Lately I’ve been running multiple Claude agents in parallel using claude agents mode. The thing that made it click was worktrees. I want to lay out the benefits of this workflow and note what worked and what didn’t, so the next iteration is easier.

Claude Code has a built-in EnterWorktree tool. It spins up a new worktree inside the current directory’s .claude folder and moves my working directory into it. For a single session that works well. Once I’m working on several tasks at once, I need a new terminal window per task, and I have to flip between each to check progress and approve changes.

Claude agents mode fixes the window problem. I monitor independent sessions and switch between them inside one terminal. No more four terminals. No more guessing which task is done or waiting on review. That alone was a nice upgrade.

Once I had agents mode, I wanted to isolate each agent’s task so I could run several in one repo and still search a second repo for context while I worked. The classic case is a frontend that depends on a separate backend.

Here the built-in worktree tool fought me. The moment an agent enters a worktree, its working directory moves into that subdirectory. It loses easy sight of everything else.

The Skill

begin-worktree creates the worktree wherever I point it. It auto-installs node modules so the tree is actually runnable, makes sure the worktree is tracking the correct git origin, and keeps the agent’s working directory where agents mode was initialized. The agent does its work isolated from other in-flight tasks. It still holds context over the backend repo and the up-to-date main checkout.

For a while I couldn’t explain why this felt better than the default. The wins I kept listing were:

  • less stashing
  • better commit timing
  • not accidentally picking up another agent’s work

The underlying theme is that every unit of work has a stable home that doesn’t move when my attention moves.

With a single checkout, the repo holds one state at a time. Whatever I touched last. To switch tasks cleanly I commit what’s there first, and that forces a commit before the work is ready. A premature commit is one more thing to review and untangle later. Worktrees mean I never switch branches at all. Each task keeps its own staged changes, unstaged changes, and commits, right where the agent left them. I point the agent back at its worktree and it picks up exactly where it stopped. That’s the real velocity gain. It’s not a git trick. I skip the untimely commit and the cleanup it creates.

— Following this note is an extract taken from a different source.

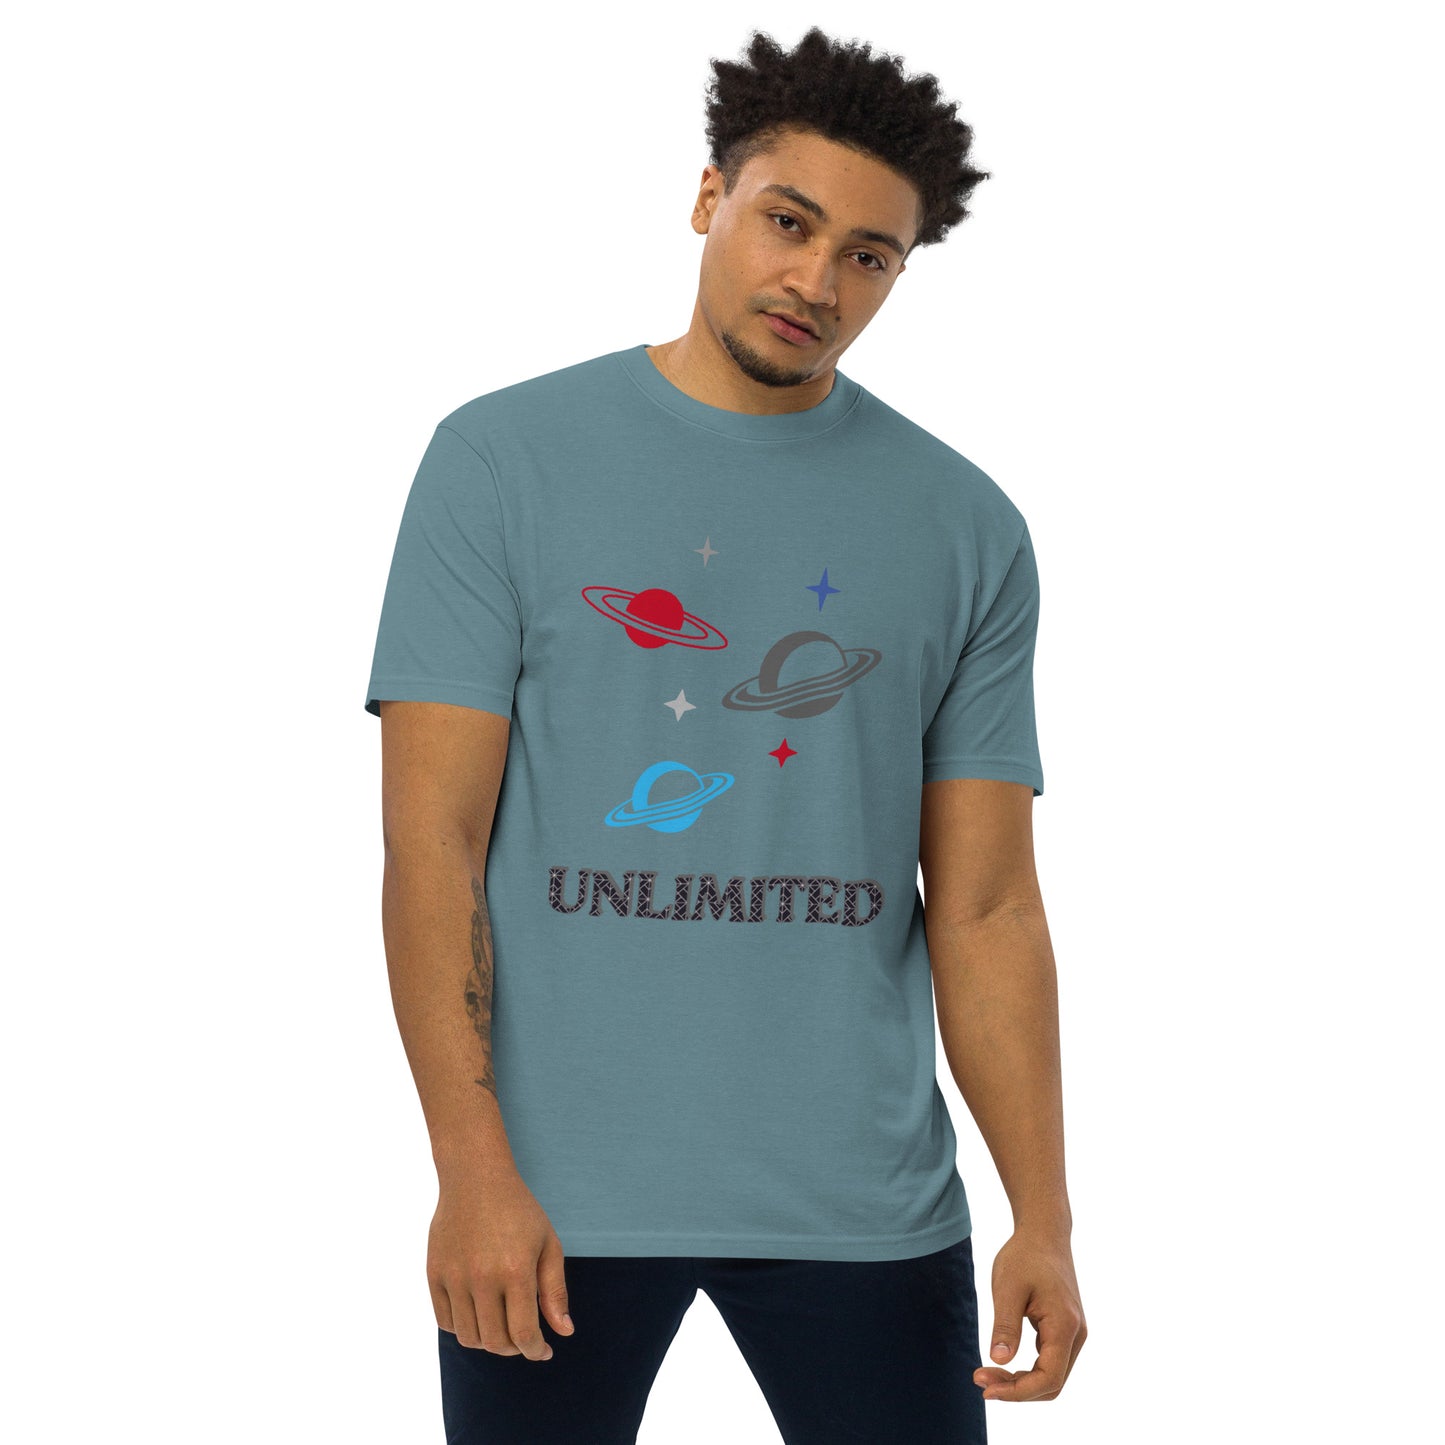 Unlimited - Men’s Premium Tee
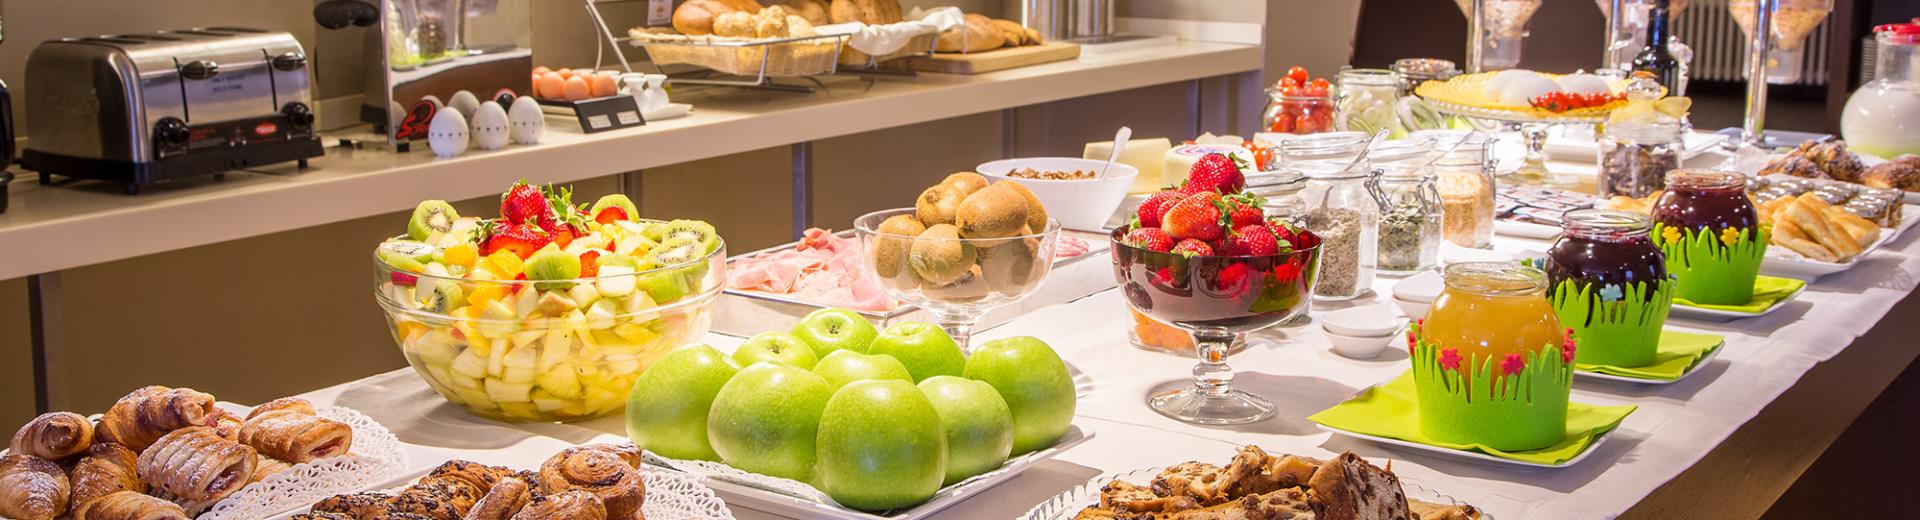 Il ricco buffet per la colazione dell'Hotel Metropoli di Genova

Here’s the trade I danced around for a while. The default moves me into the worktree, so I physically can’t touch main. Isolation comes free, context costs a step. My skill flips it. The agent stays in the parent, so context is free and isolation is now the thing I have to enforce. Every edit, install, and test run has to route to the worktree path, not the main checkout sitting right next to it. The skill enforces what used to be automatic. For one person running long features across repos, I think that trade is worth it.

The payoff is that I can work on long-running features without switching branches. Less stashing, cleaner commit timing, no cross-contamination. The main repository stays on origin for up-to-date code research by both me and Claude. That last bit is a quietly good context addition during development, and especially when chasing an active bug.

It’s a simple change with a lot of context benefit. It makes monitoring many sessions much simpler. I’ve heard there are other tools with similar setups. I enjoy rolling my own skills tailored to my setup, and building it is partly how I understand it.

A Couple Things to Watch

Worth flagging for anyone trying this. Worktrees isolate files and branches. They do not isolate ports or databases. Two agents running the app against localhost:3000 or the same dev DB will step on each other, even with their code fully separated. Most dev servers auto-bump to the next free port, so the port half usually sorts itself out. The shared database is the one to watch.

Worktrees also accumulate. A fresh one per task is great until I have a graveyard of stale ones, and letting agents create them makes that worse, so pruning has to be part of the routine. A reference checkout only stays up to date if something actually pulls. One that’s drifted is just a confidently stale one.

I can’t fully prove the velocity gain. It’s anecdotal, but real enough that I keep building on it. The short version: context-by-default isolation for a solo orchestrator. The clearest win so far is never committing before the work is ready. I suspect there’s more, and I’ll know as I keep running it.

Running agents in parallel is only half the problem. The other half is what happens to all that code once it lands. Four agents producing four PRs drops four reviews on one person at once, and review doesn’t parallelize. So the next thing on my mind is a feature-development harness that reviews and tests each agent’s work before it reaches me. That’s a bigger topic, so it’s getting its own post.